State-run Bank of Maharashtra is eyeing a 25-30 per cent growth in its net profit in the current financial year, aided by a healthy growth in net interest income (NII) and fall in provisions for bad assets.
In the fiscal ended March 31, 2022, the Pune-based lender reported an over two-fold jump in its profit after tax (PAT) at Rs 1,152 crore, as against Rs 550 crore for the year ended March 2021.
“Our net profit will increase further this fiscal. Last year we had made more provisioning from our operating profit to improve our asset quality. So we have reached the bottom, with net NPA below one per cent and gross NPA lower than 4 per cent.
“Now, more provisioning (for bad loans) may not be required, which will automatically improve our net profit… I think a 25-30 per cent growth in net profit over the previous year’s will be there this fiscal,” its Managing Director and Chief Executive Officer A S Rajeev told PTI in an interview.
Higher profitability will also be driven by a healthy growth in its net interest income (NII), which is the difference between the income a bank earns from its lending activities and the interest it pays to depositors.
“We are optimistic to scale up NII (in FY2023) on account of strong business growth and good asset quality with a target of more than 20 per cent rise over FY2022 to around Rs 7,500 crore,” he said.

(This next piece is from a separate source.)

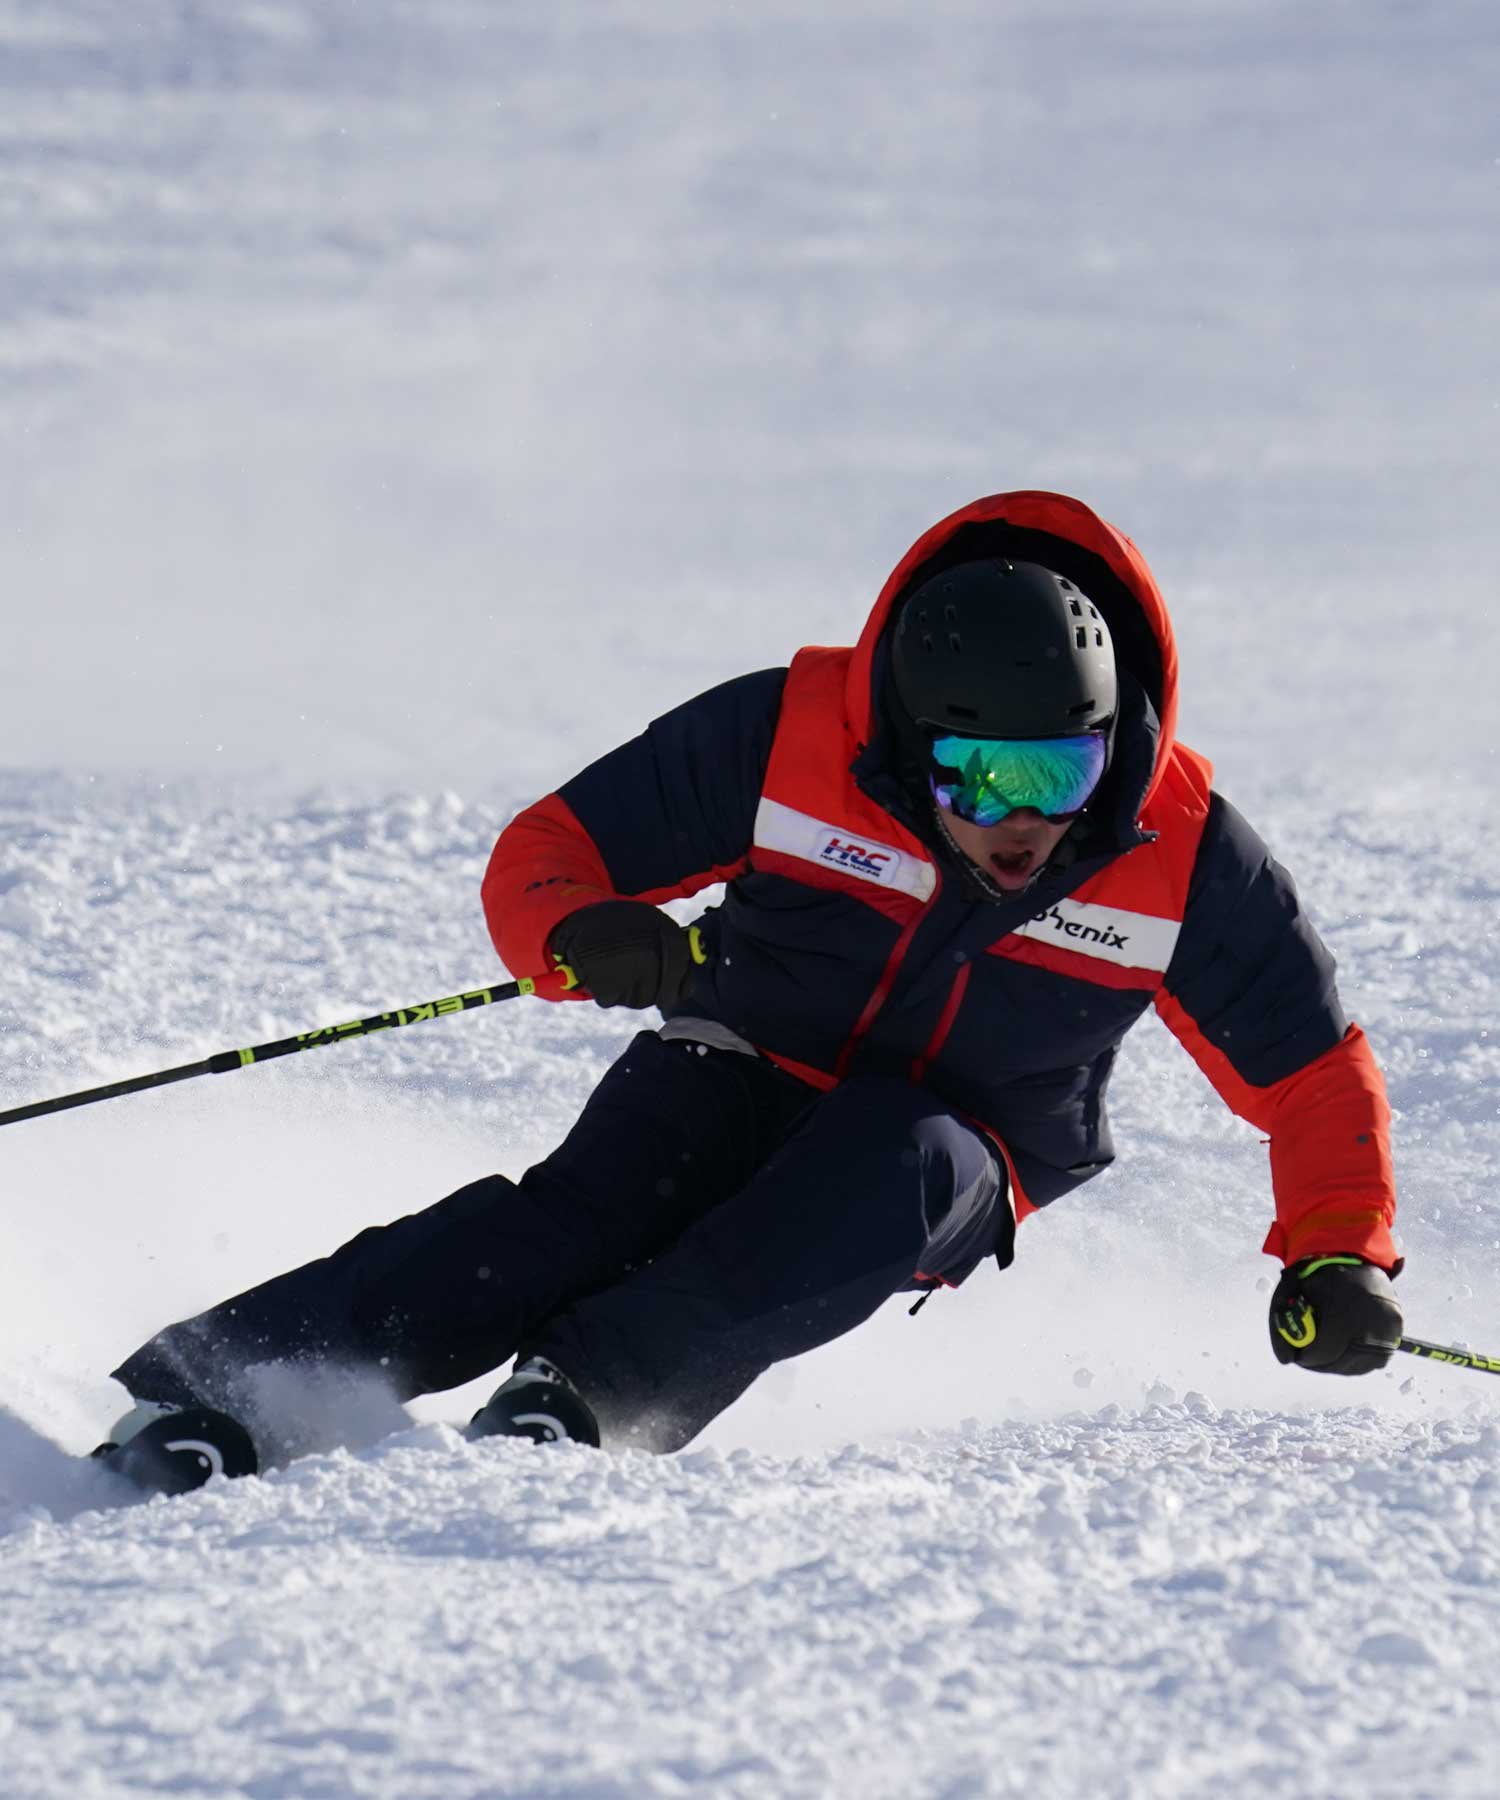 phenix フェニックス スキー アルペン ハーフパンツ 競技 - スキー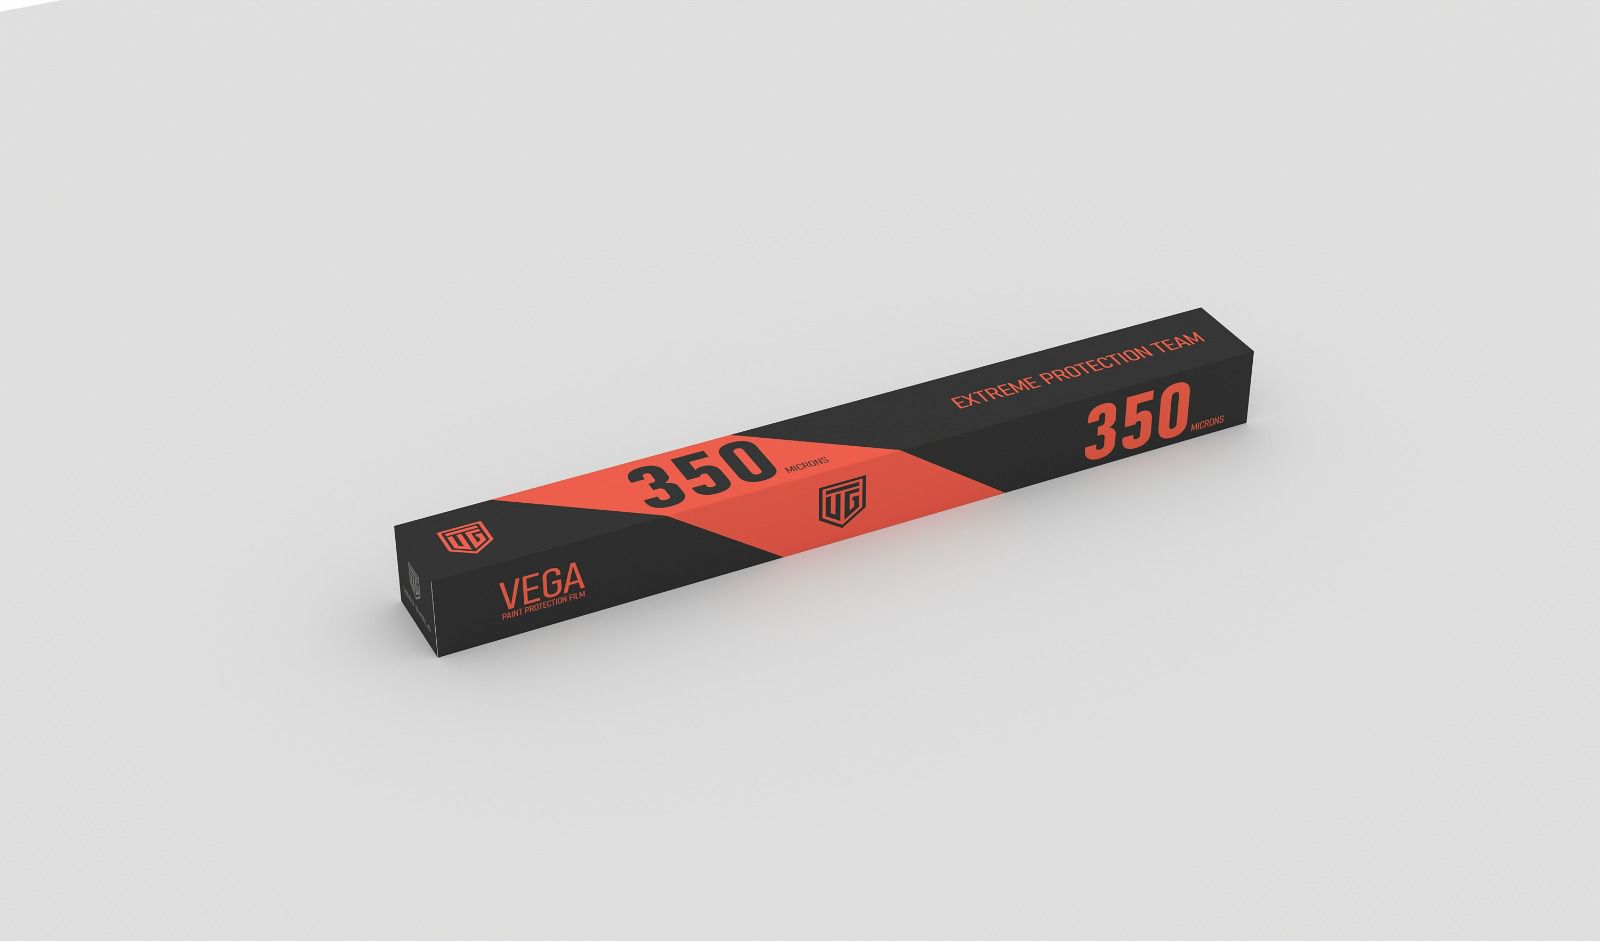 VEGA 350 HT

NII grew by 23.42 per cent on a year-on-year basis to Rs 6,044 crore in FY2022, as against Rs 4,897 crore in FY2021.
Besides, the bank will also focus on other avenues such as more issuances of Priority Sector Lending Certificates (PSLCs) to boost its profitability. Last year, the lender was able to increase its operating profit by Rs 250 crore because of issuance of PSLCs, he said.
Net Interest Margin (NIM) during the year is expected to be above 3 per cent.
In the previous fiscal, the bank’s gross NPA declined to 3.94 per cent from 7.23 per cent. Net NPA reduced to 0.97 per cent, as against 2.48 per cent in FY2021.
It is targeting net NPA to be below 1 per cent and gross NPA to be less than 3 per cent in the ongoing fiscal, Rajeev added.
Recoveries and upgradation is expected to double to Rs 3,000 crore in FY2023, as against Rs 1,517 crore last fiscal.
Fresh slippages will be around Rs 2,000 crore this year. However, slippages will not be from any large ticket loans but mainly from the micro, small and medium enterprises (MSME) segment, he said.
Speaking on the credit growth, Rajeev said a lot of traction has been witnessed in the corporate loan segment.
“This year, we are looking at a credit growth of around 17 to 18 per cent and deposit growth of 13-15 per cent,” he said.
In the previous fiscal, growth was seen in sectors like pharma, infrastructure, textile, cement and iron ore, which is likely to continue this year as well, Rajeev said.
The lender has a sanctioned pipeline of Rs 20,000-23,000 crore in the corporate loans, spread over 2-3 years. This pipeline is from various sectors, including infrastructure, road projects, manufacturing and pharma.
Its retail loan segment grew at 24 per cent in FY2022 due to growth in housing, vehicle, personal and gold loans, driven by low-interest rates and higher discounts.
“We are expecting to grow at a pace of around 20 per cent in FY 2022-23 in the retail loan portfolio,” he said.
Rajeev said the bank is also pushing credit and deposit growth through opening branches in new geographies.
Over the last 2-2.5 years, it has opened 300 branches in 300 new districts and these branches have contributed around 3-4 per cent growth in business.
The bank is planning to increase its number of branches to 2,100 by March 2023, from 2,030 branches currently, Rajeev said.